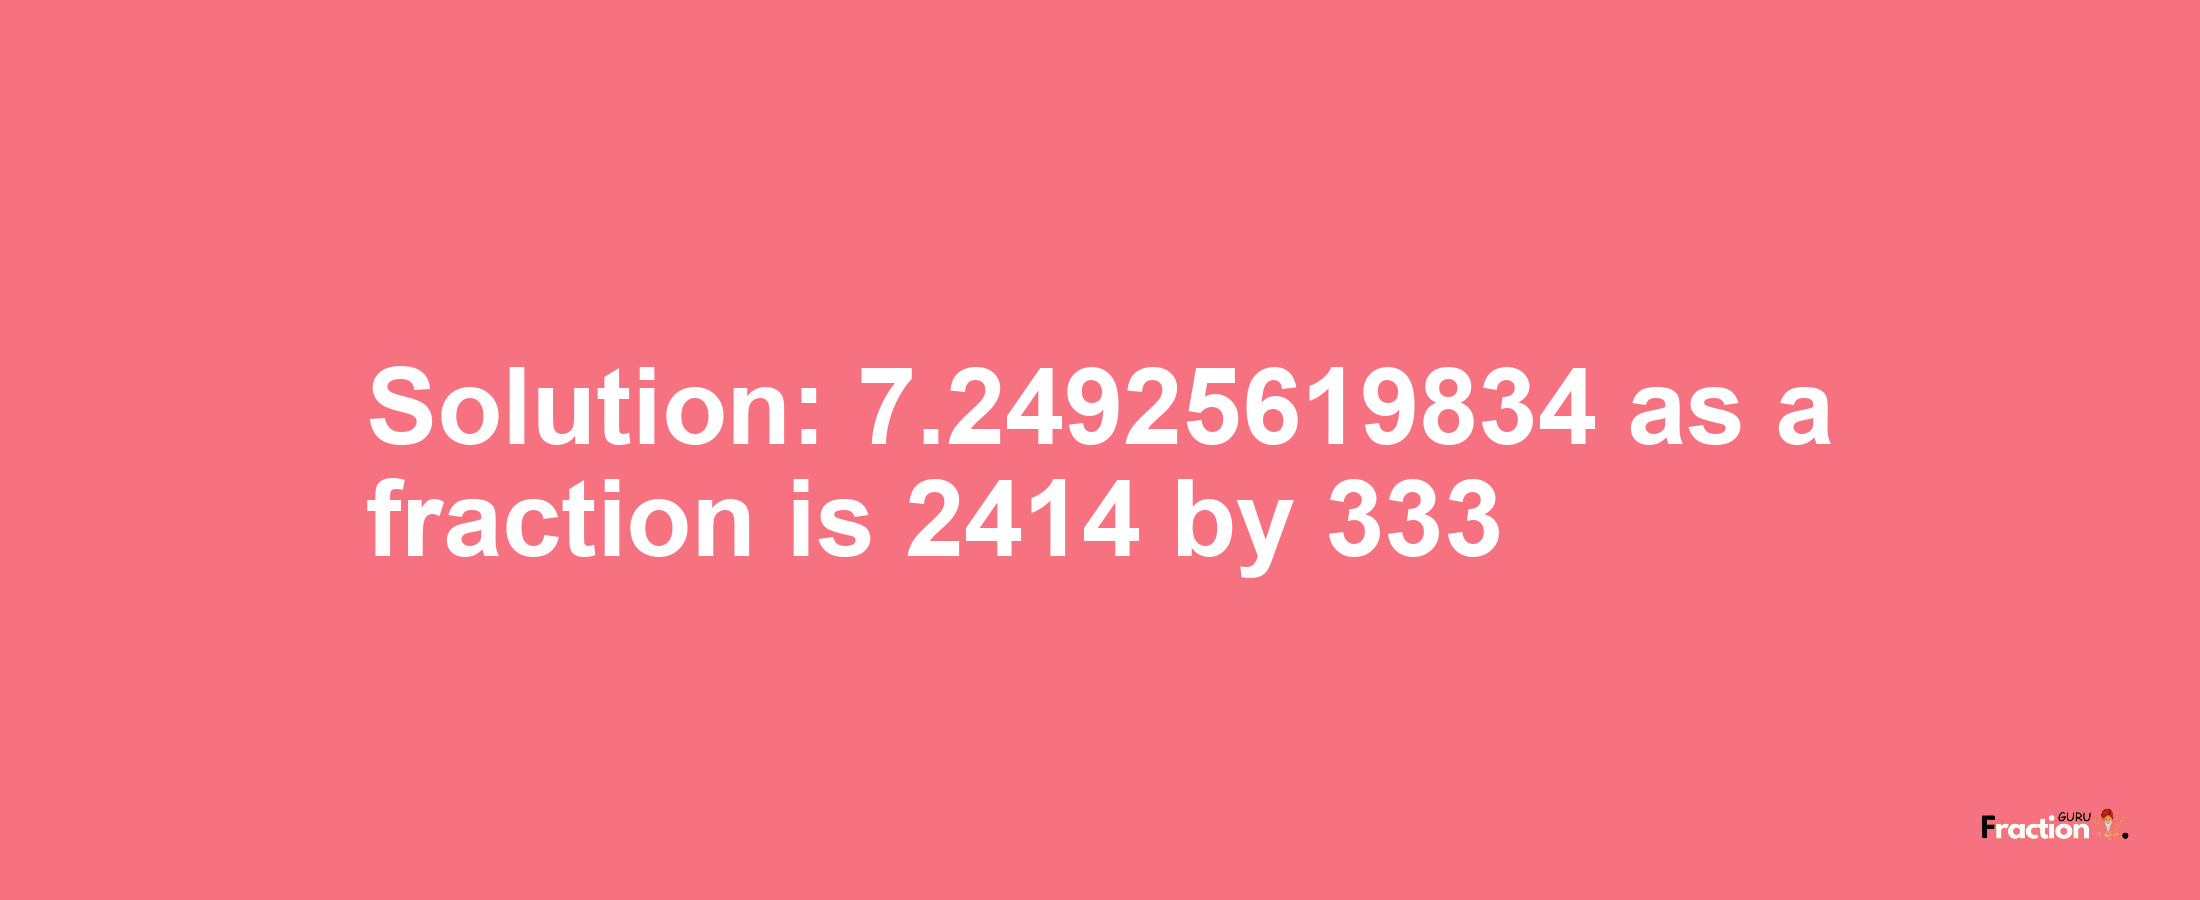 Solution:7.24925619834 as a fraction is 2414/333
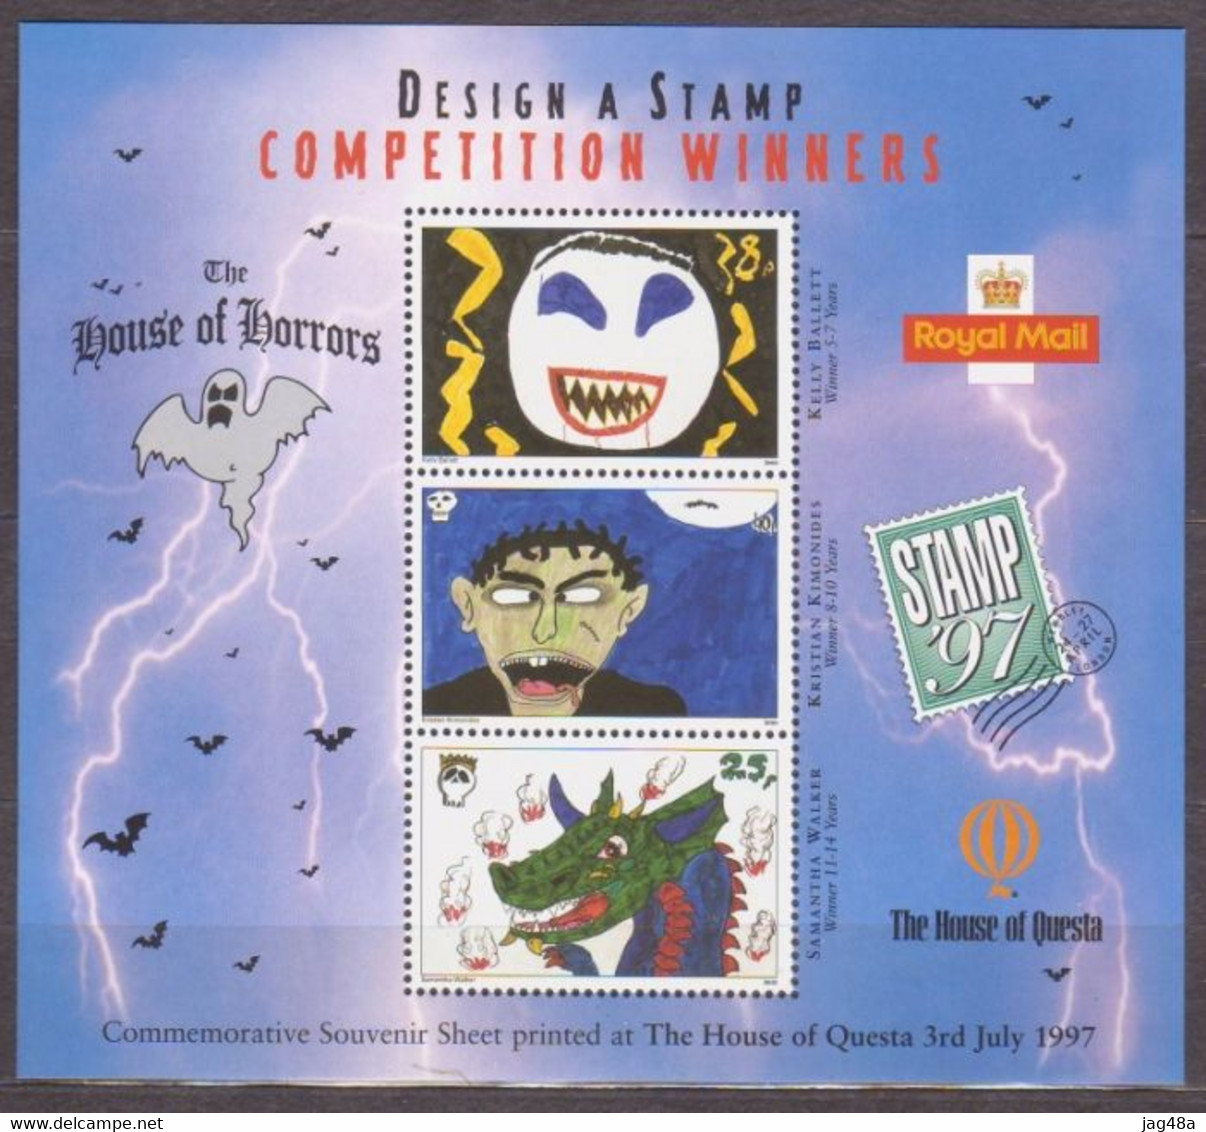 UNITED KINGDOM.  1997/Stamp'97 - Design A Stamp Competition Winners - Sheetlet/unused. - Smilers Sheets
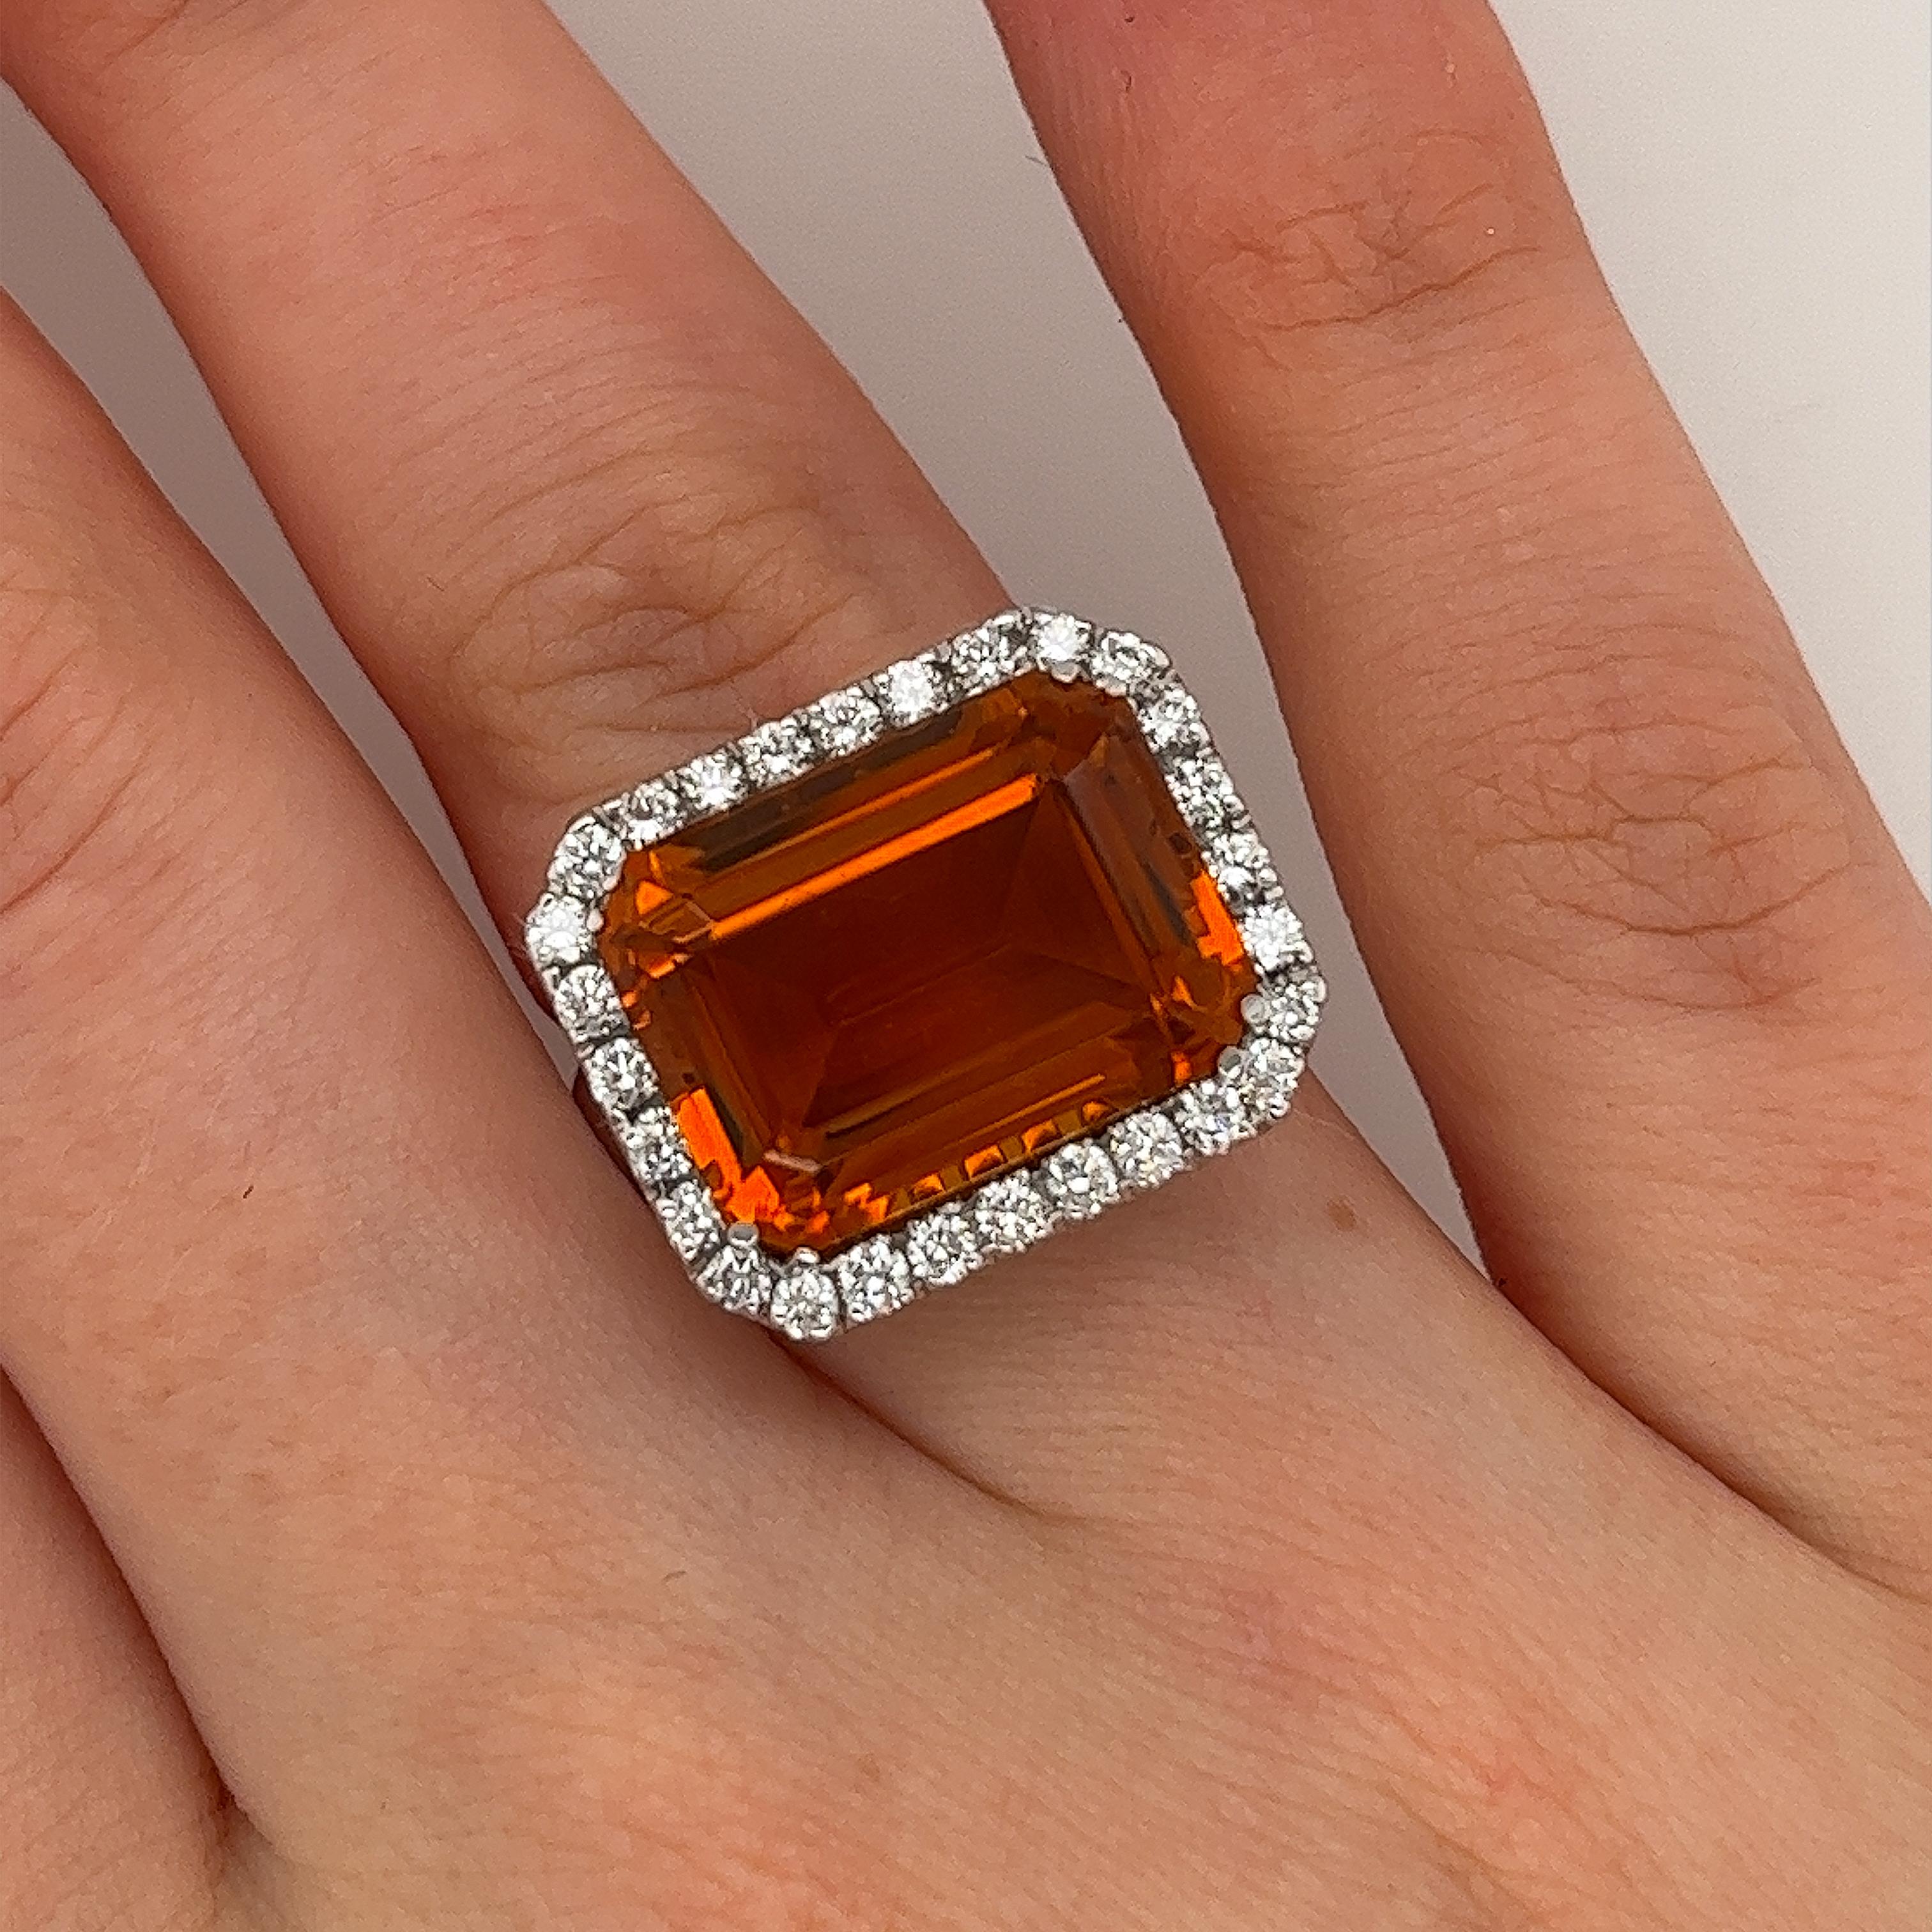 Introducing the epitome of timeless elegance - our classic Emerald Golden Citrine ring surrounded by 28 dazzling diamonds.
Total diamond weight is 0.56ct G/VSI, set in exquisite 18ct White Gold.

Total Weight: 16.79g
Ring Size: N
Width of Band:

Goal of the exercise: For every entry above, write it out exactly and remove any image.

Worked solution:
 Solution:7.24925619834 as a fraction is 2414/333
 UNITED KINGDOM.  1997/Stamp'97 - Design A Stamp Competition Winners - Sheetlet/unused. - Smilers Sheets
 Introducing the epitome of timeless elegance - our classic Emerald Golden Citrine ring surrounded by 28 dazzling diamonds.
Total diamond weight is 0.56ct G/VSI, set in exquisite 18ct White Gold.

Total Weight: 16.79g
Ring Size: N
Width of Band:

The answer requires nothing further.